Why Generational GC makes scheduling worse
You might think that moving to a Generational GC (like Java's G1 or the newer Go tweaks) would solve this. It helps memory pressure, but it can actually aggravate scheduling. Generational GCs rely on "Write Barriers"—extra code that runs every time you update a pointer in the heap.
// Logic inside a Write Barrier (Pseudo-code)
void oop_store(Object obj, Object value) {
if (is_young_gen(value) && is_old_gen(obj)) {
dirty_card_log(obj);
}
*obj = value;
}These barriers increase the instruction count of your application. More instructions mean more CPU cycles, which brings you closer to your CFS quota. Furthermore, some GCs use "Concurrent Marking" which relies on these barriers to do the work of the GC during the application's time slice.

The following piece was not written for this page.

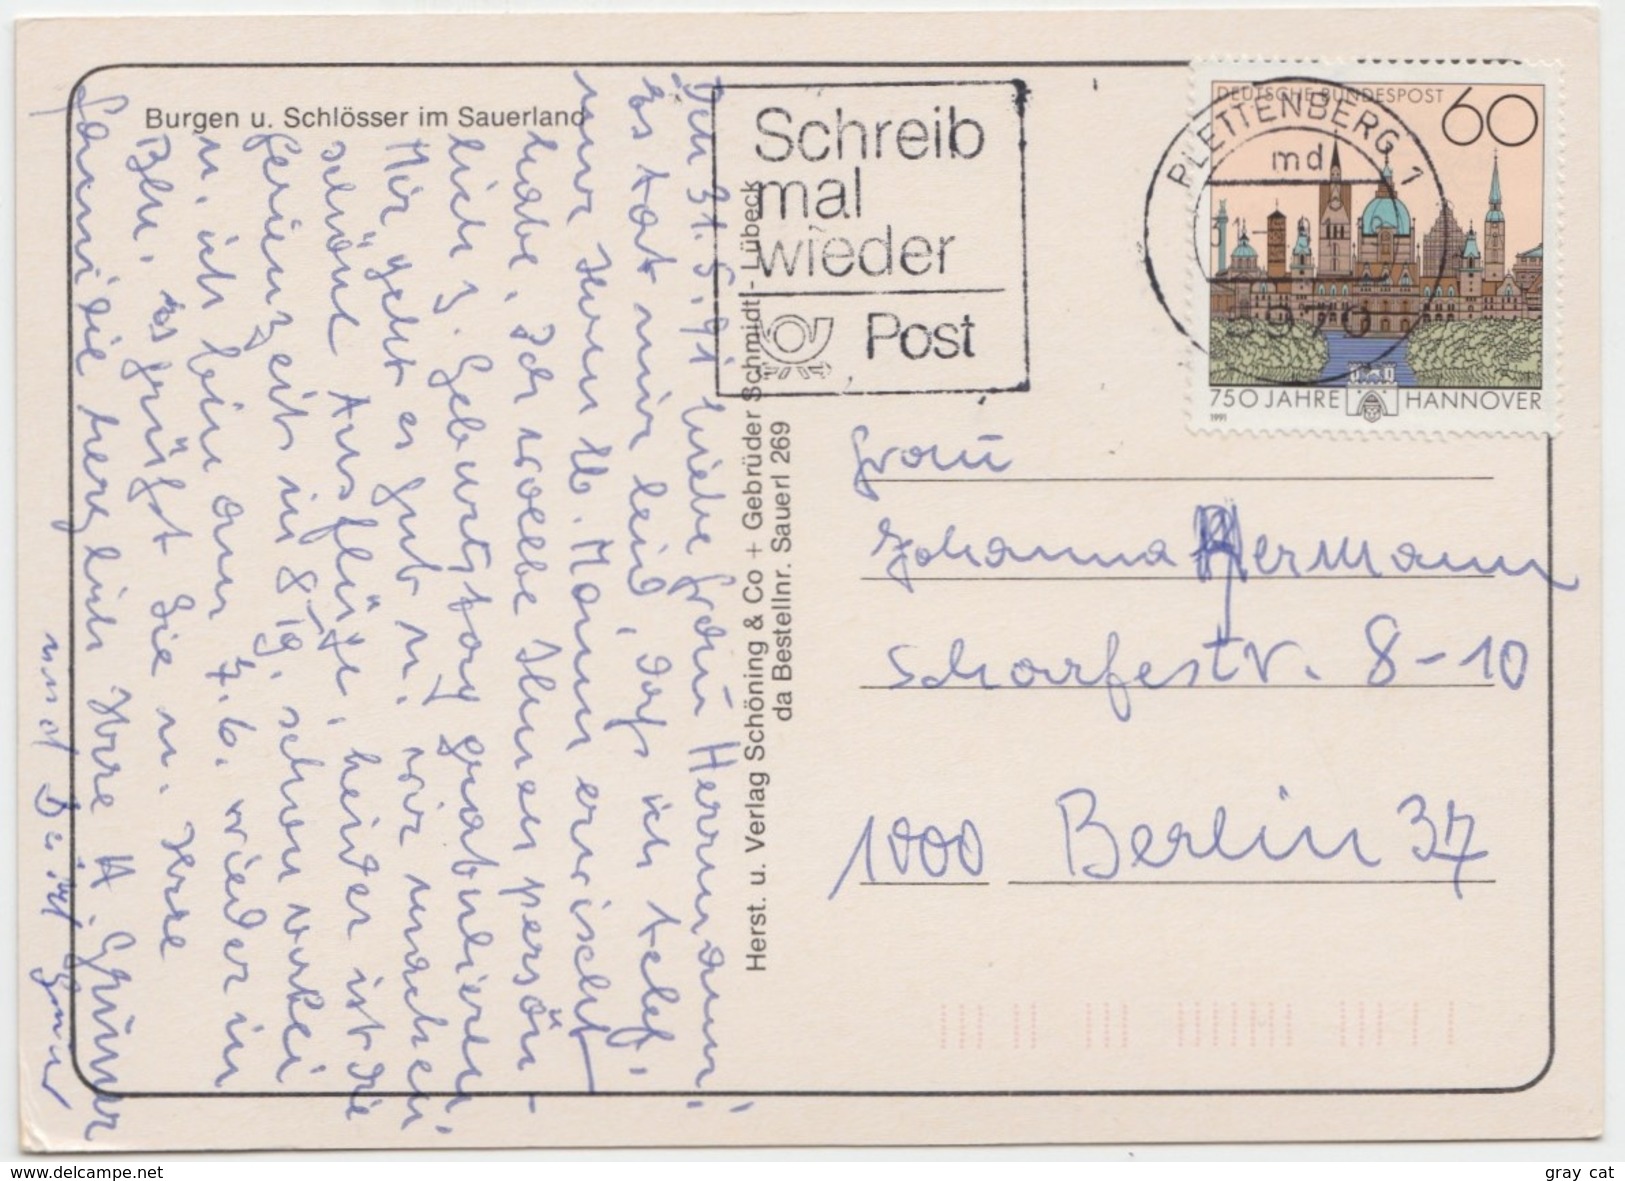 Burgen Und Schlosser Im Sauerland, Germany, Used Postcard [20555] - Sundern

Essentially, you are paying for the GC using your application's scheduling priority.
The Solution Isn't More Memory
When we treat GC as a memory problem, we throw RAM at it. We increase the heap size so the GC runs less often. And that works... until it doesn't. When the GC *does* finally run on a 128GB heap, the amount of work it has to do is massive, the number of pages it touches is huge, and the likelihood of hitting a kernel scheduling bottleneck or a Page Fault increase exponentially.
Instead, start thinking about your runtime as a guest living inside the kernel's house.
1. Align your runtime's parallelism with your kernel's reality. Don't let your app think it has 16 cores if it's throttled to 4.
2. Monitor `sched_wait`. Use tools like bcc or bpftrace to look at how long threads spend on the runqueue.
3. Watch your syscalls. GC threads often need to call madvise or mmap to return memory to the OS. These syscalls can trigger kernel-side locks that stall your application threads.
The "Perfect" GC doesn't exist, because the GC doesn't own the CPU. It’s just another tenant. The sooner you stop tuning your heap and start tuning your scheduler relationship, the sooner those P99 spikes will settle down into a flat line.